# Difficult "white-on-white" lighting situations?



## starkphoto (Apr 7, 2014)

So I have run up against a difficult lighting situation that I can't seem to overcome. I shoot product for a small company that has fairly stringent consistency standards. They gave me this to reshoot because it's on a black background on the website. Their standards dictate that everything mus be on a pure white 255/255/255 background. I'm fairly proficient at lighting but can't seem to shoot this with any detail because it's so white and the strings puffing off the ball are transparent. I've lit it every which way. I even dusted off Light - Science and Magic for help. Someone help me put together a lighting scenario for this!

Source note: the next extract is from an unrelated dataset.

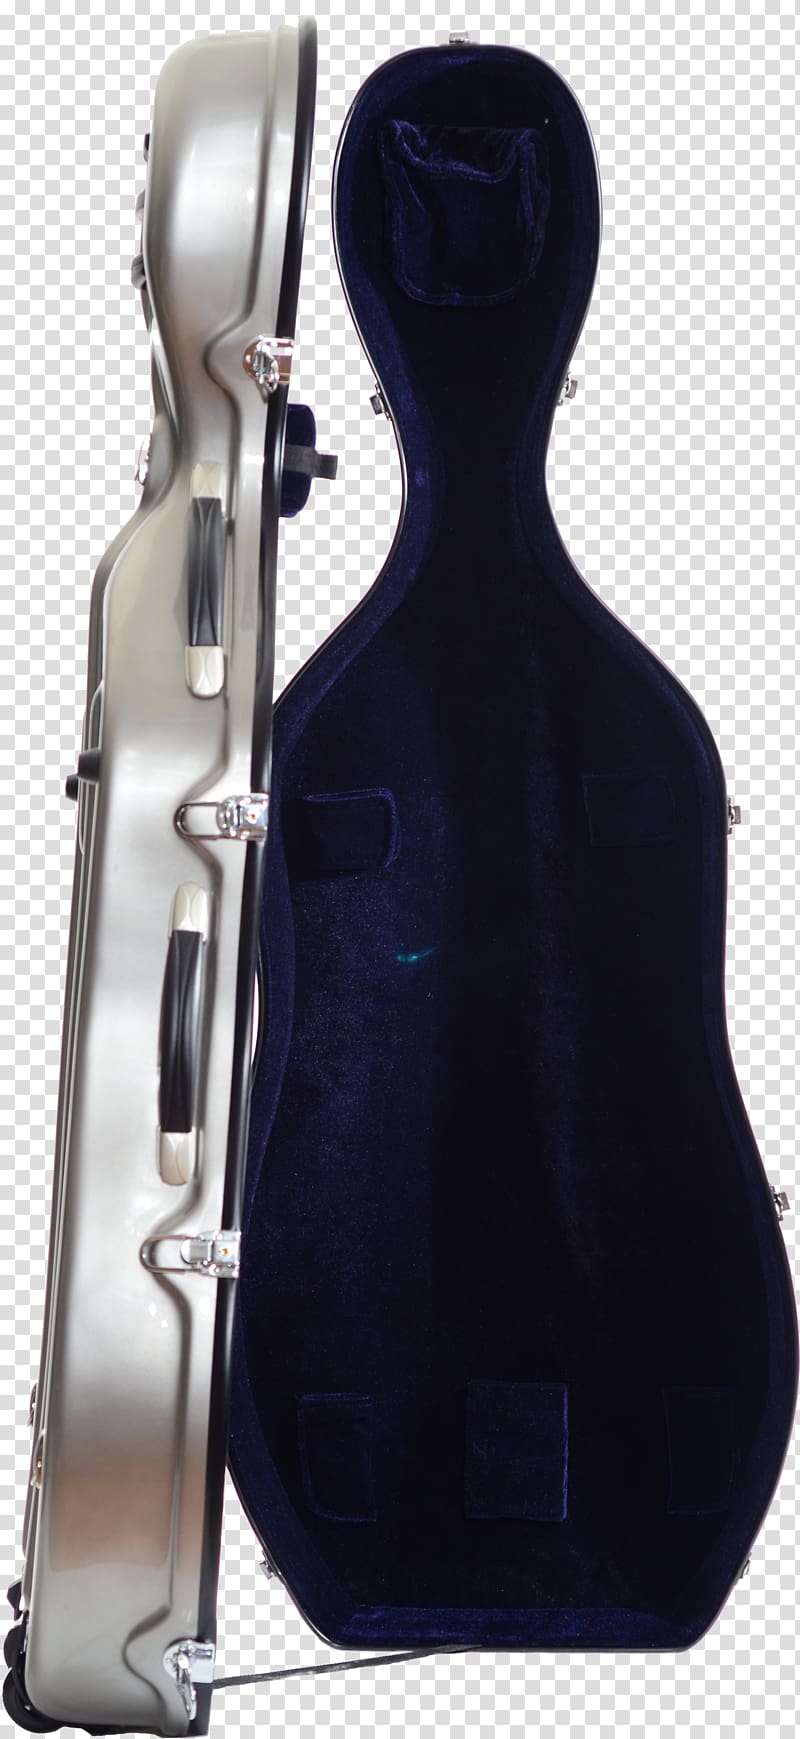 Cello Double bass Violin Tololoche Product, violin transparent background PNG clipart

http://i.imgur.com/PYug9eh.jpg

I also have to shoot this but haven't even tried because it looks impossible:

http://i.imgur.com/2ku0QoS.jpg


----------



## Light Guru (Apr 7, 2014)

Tell them that if they want their customers to be able to actually make out that the product is then it needs to NOT be on a pure wire background.


----------



## 480sparky (Apr 7, 2014)

Put the ball in front of the hand/fingers so it's not on the white background.


----------



## Derrel (Apr 7, 2014)

Use less light on the foreground objects than on the background. If the lens is opened up for the foreground lighting because it has, say only 50 Watt-seconds being used, then the background will go to white because it has "more light on it". The foreground, with say the clear plate, or the puff-ball toy...that has its "own exposure"...the light that hits the background is an entirely separate deal...the exposure for the foreground object needs to be made with LESS light than the background, like say light the foreground object(s) with 50 Watt-seconds from one light source, and then light the backdrop with two lights, each at say 200 Watt-seconds and shining in with 50 to 65 degree reflectors, aimed at the paper, and flagged off with big cards.

This is a pretty popular Speedotron Brown Line power pack standard 3-light, Asymmetrical power distribution because it works.... outlets 1 and 2 at 200 W-s each on backdrop, light in outlet 3 at 50 Watt-sec on subject. Exposure determined FOR SUBJECT.


----------



## tirediron (Apr 8, 2014)

As usual... what Derrel said!  ^^


----------